Without the pictures, can you quote each line below exactly?

▸ **Source material**:
::::::

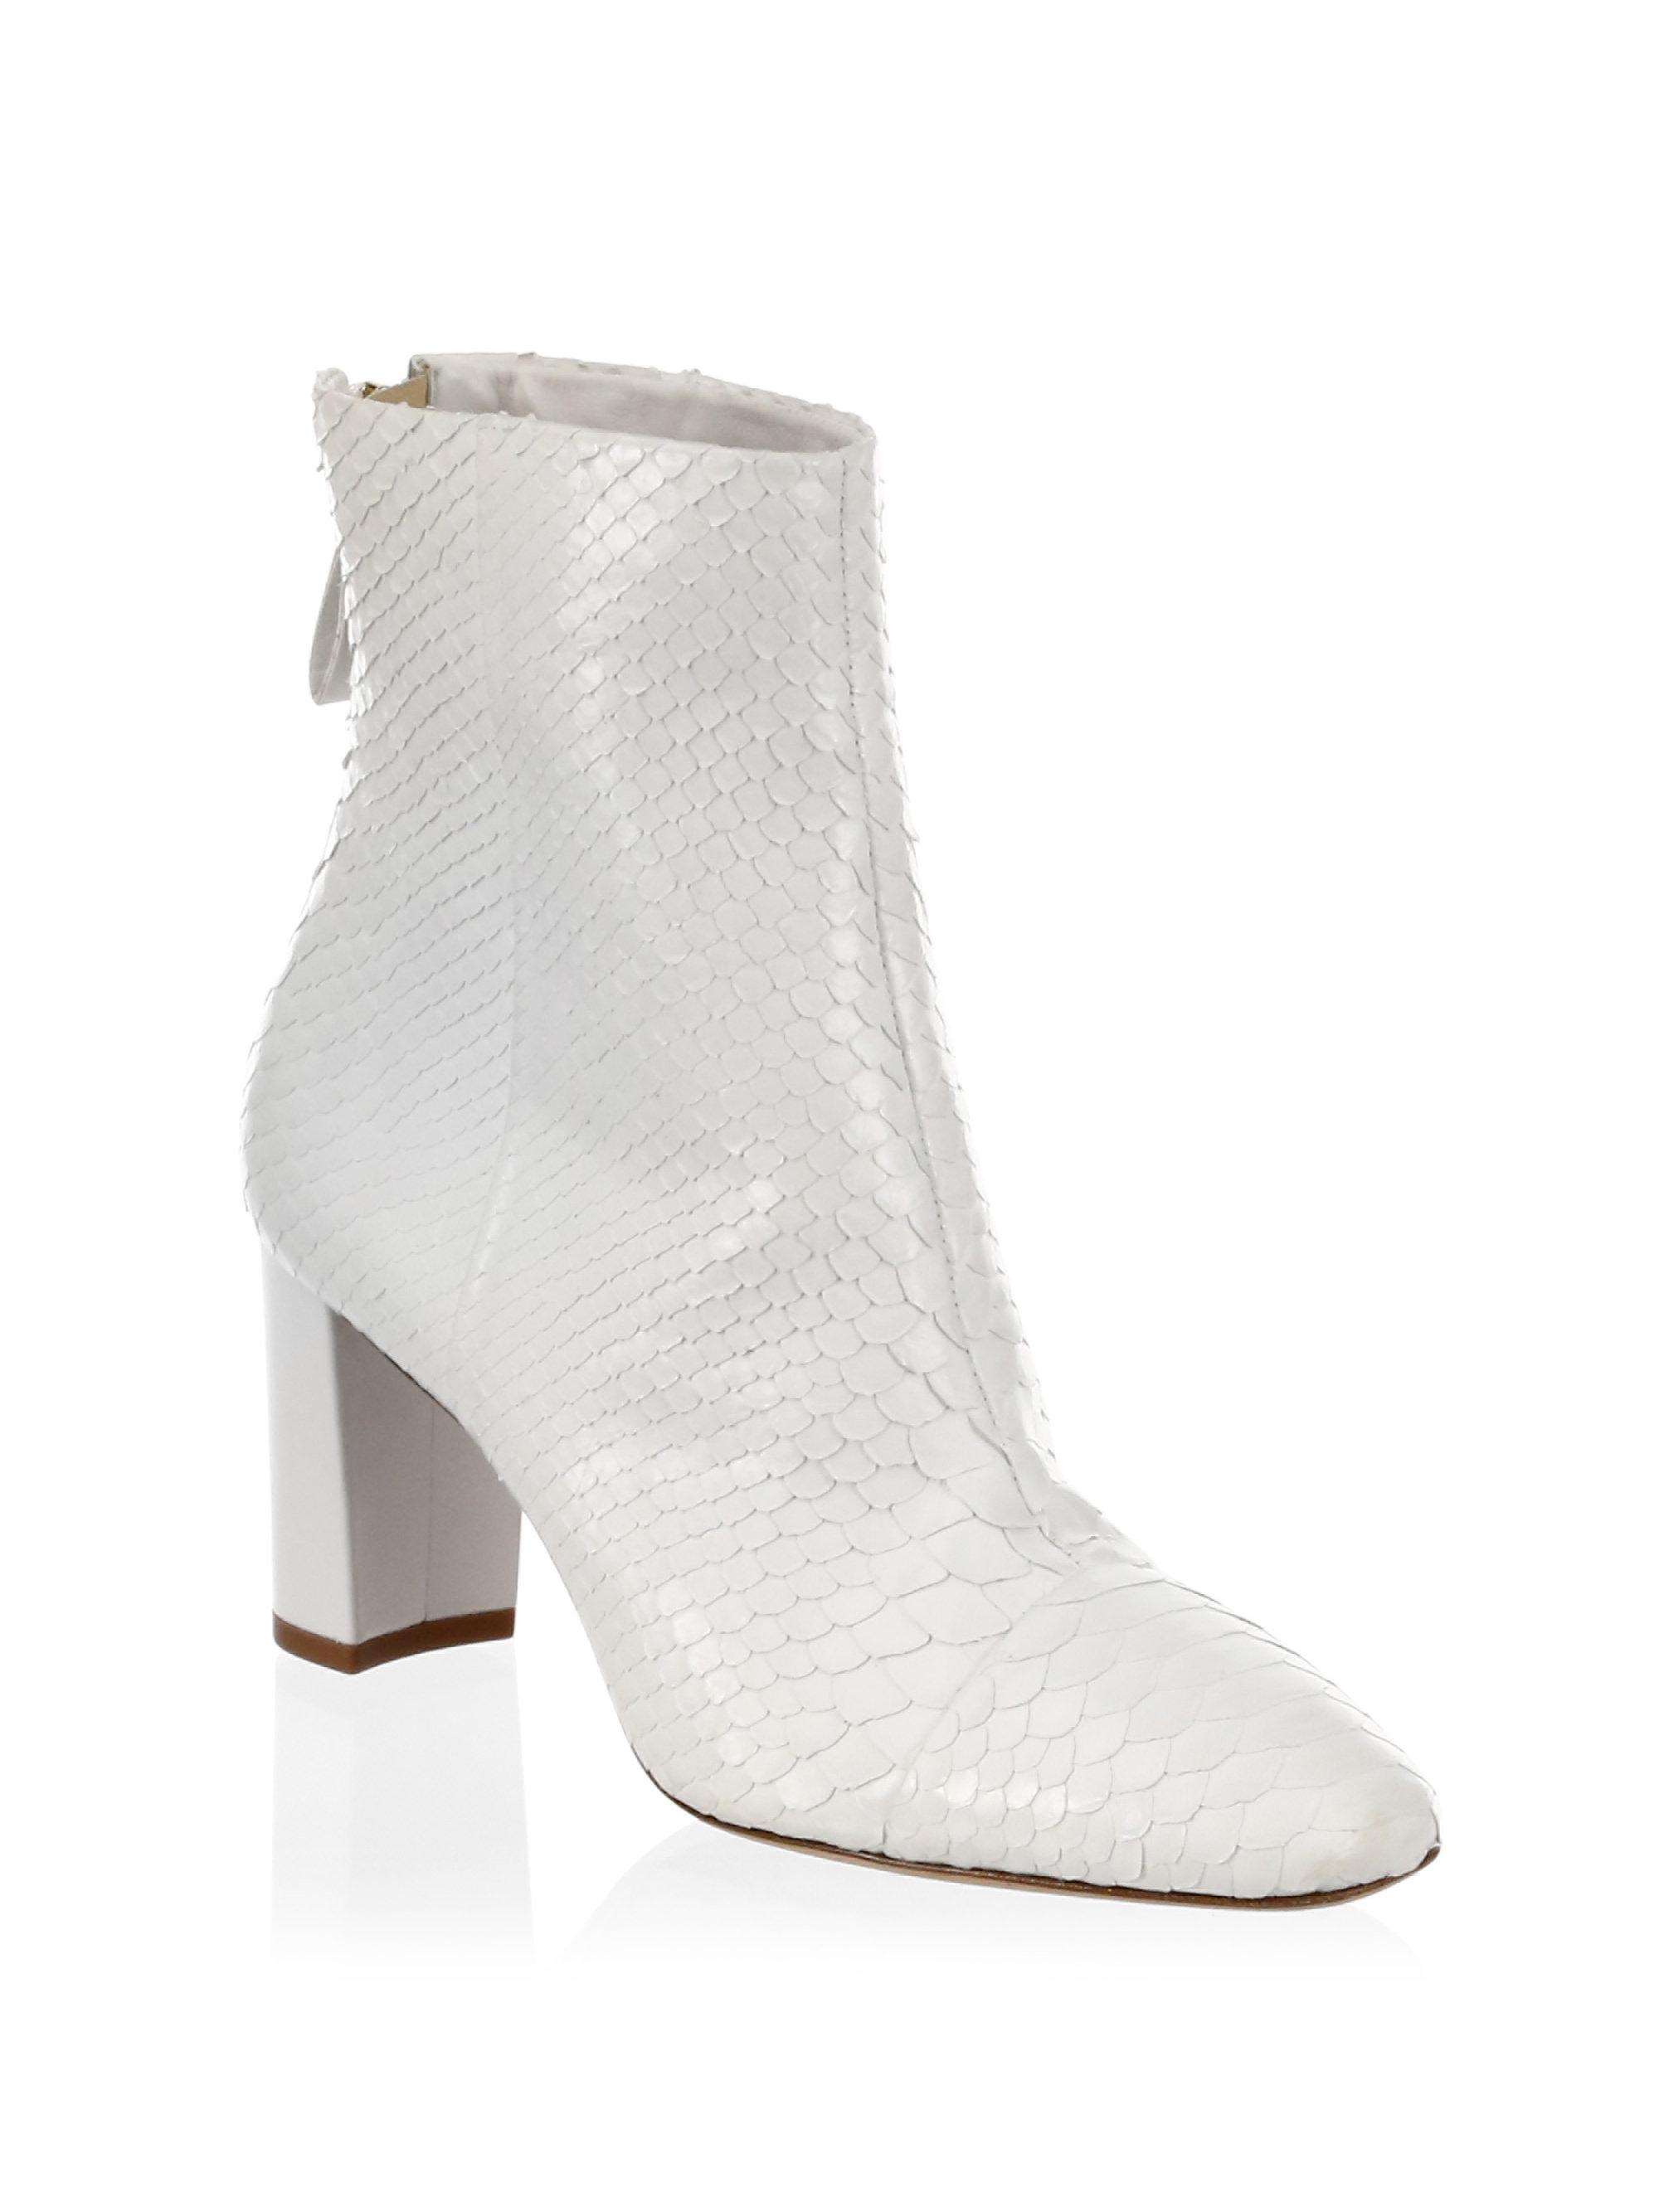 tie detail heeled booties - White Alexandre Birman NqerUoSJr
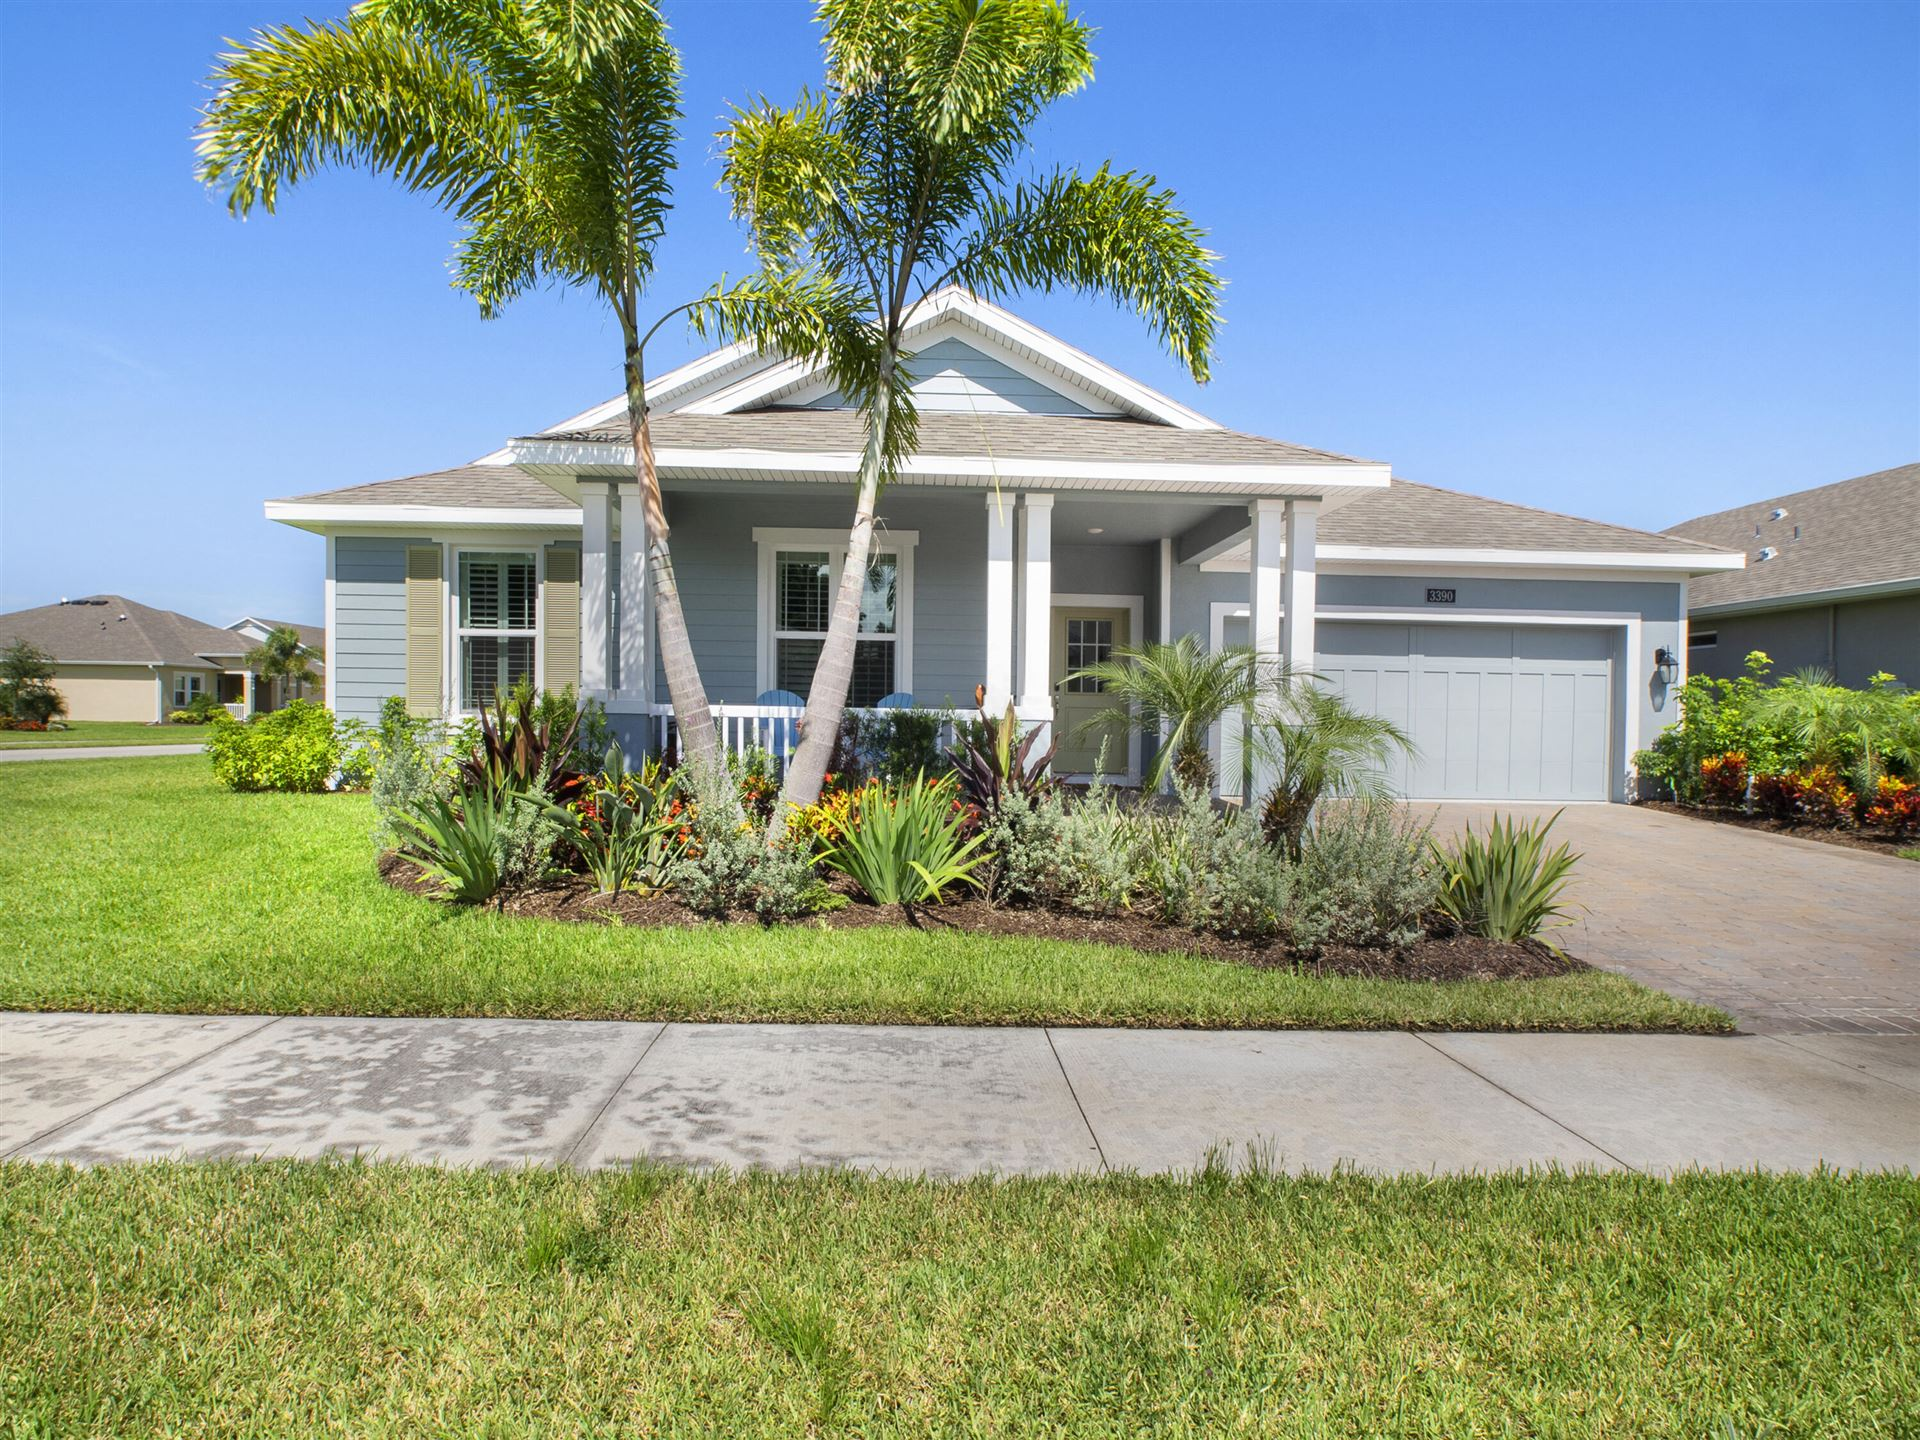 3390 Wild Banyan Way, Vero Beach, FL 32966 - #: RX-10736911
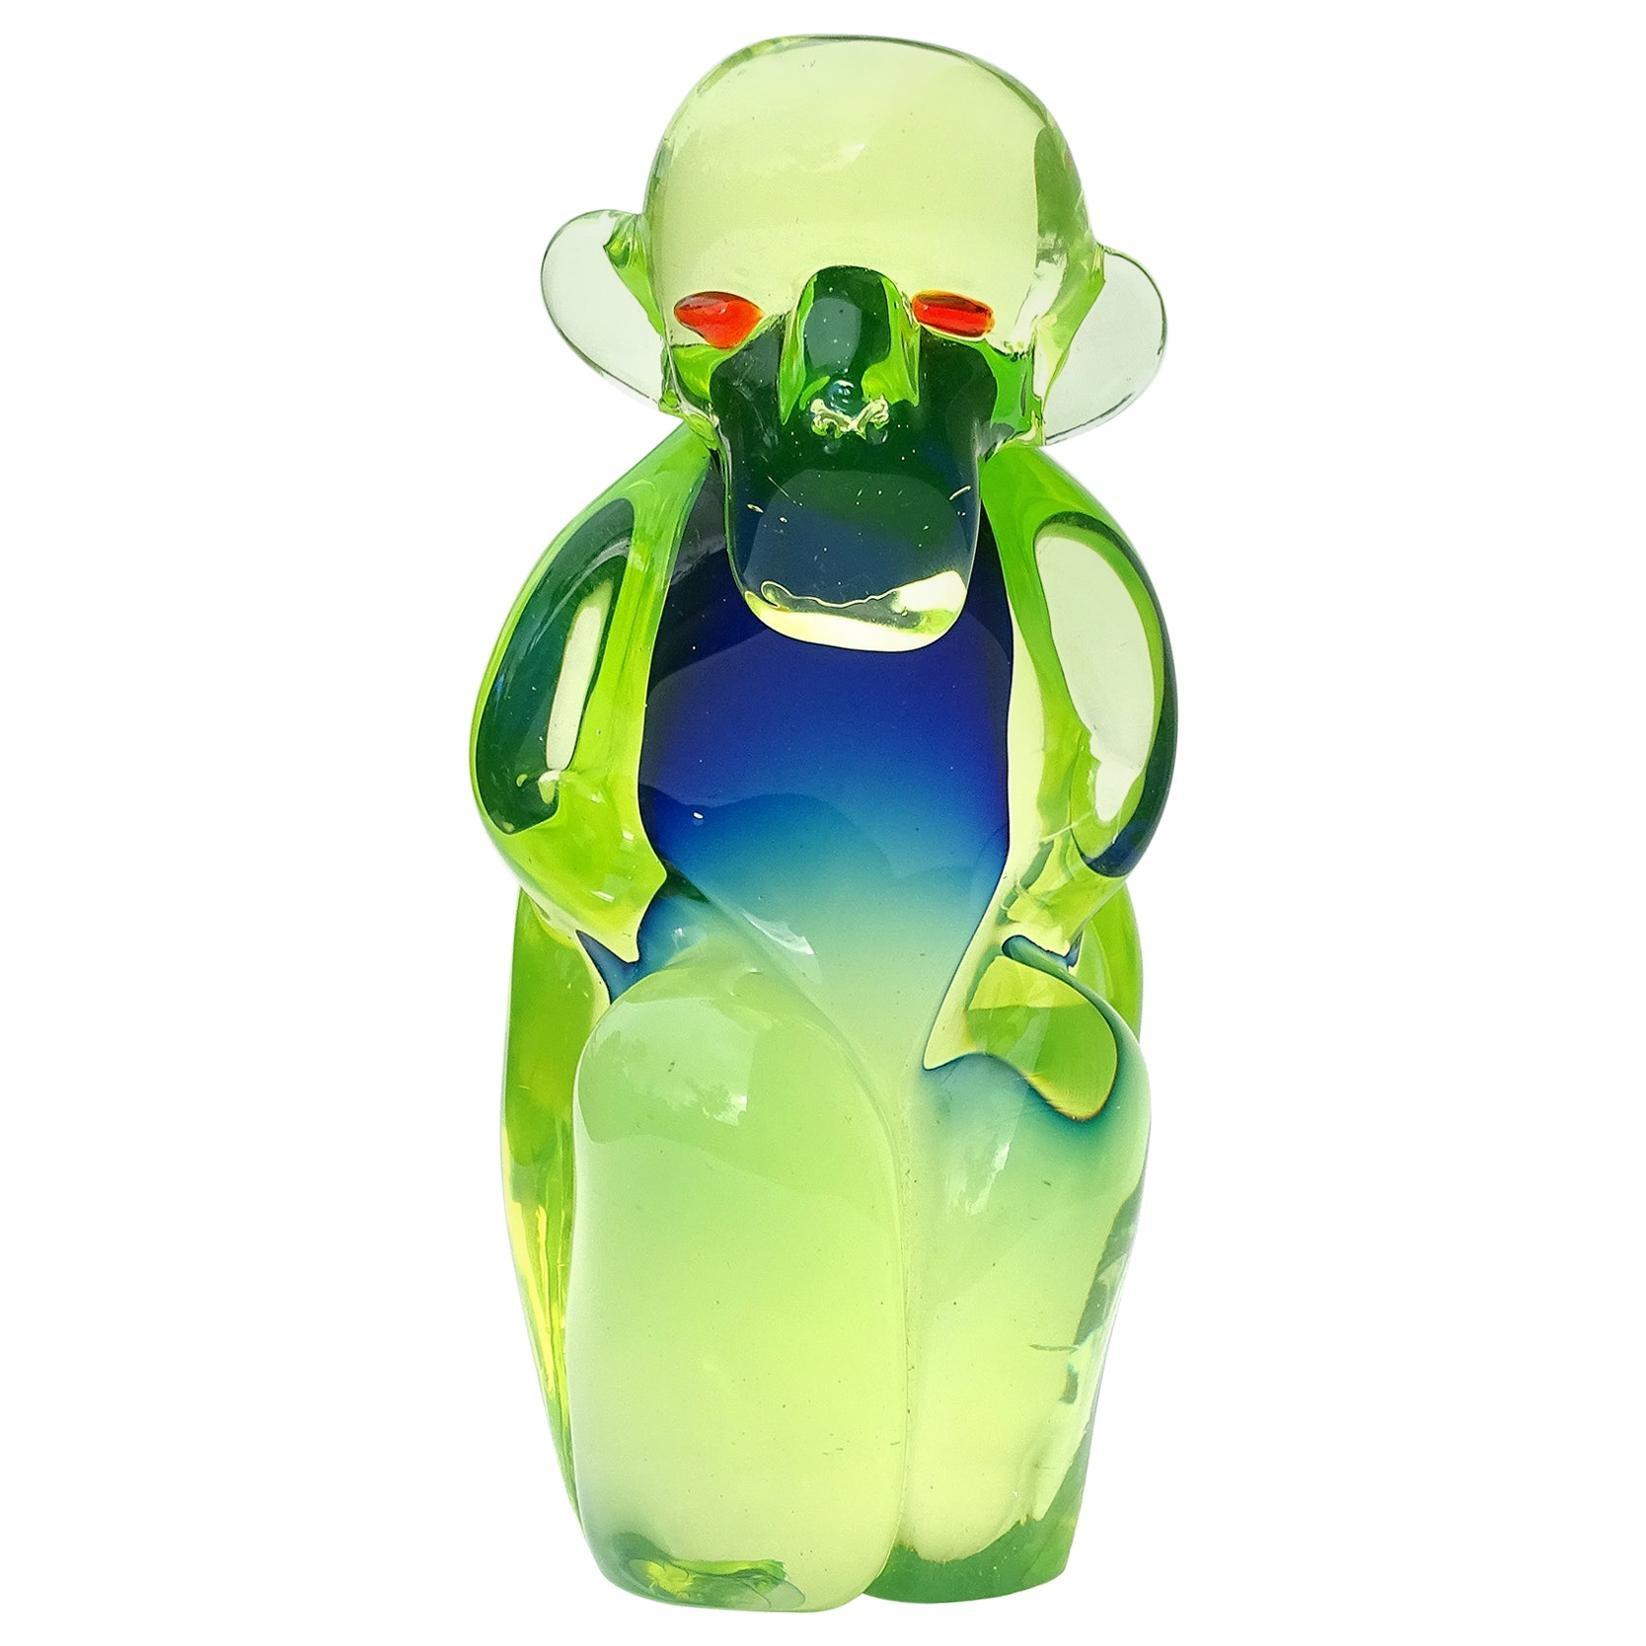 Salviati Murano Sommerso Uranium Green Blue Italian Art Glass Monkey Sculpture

::::::

▸ **Output of the task**:
 tie detail heeled booties - White Alexandre Birman NqerUoSJr
 3390 Wild Banyan Way, Vero Beach, FL 32966 - #: RX-10736911
 Salviati Murano Sommerso Uranium Green Blue Italian Art Glass Monkey Sculpture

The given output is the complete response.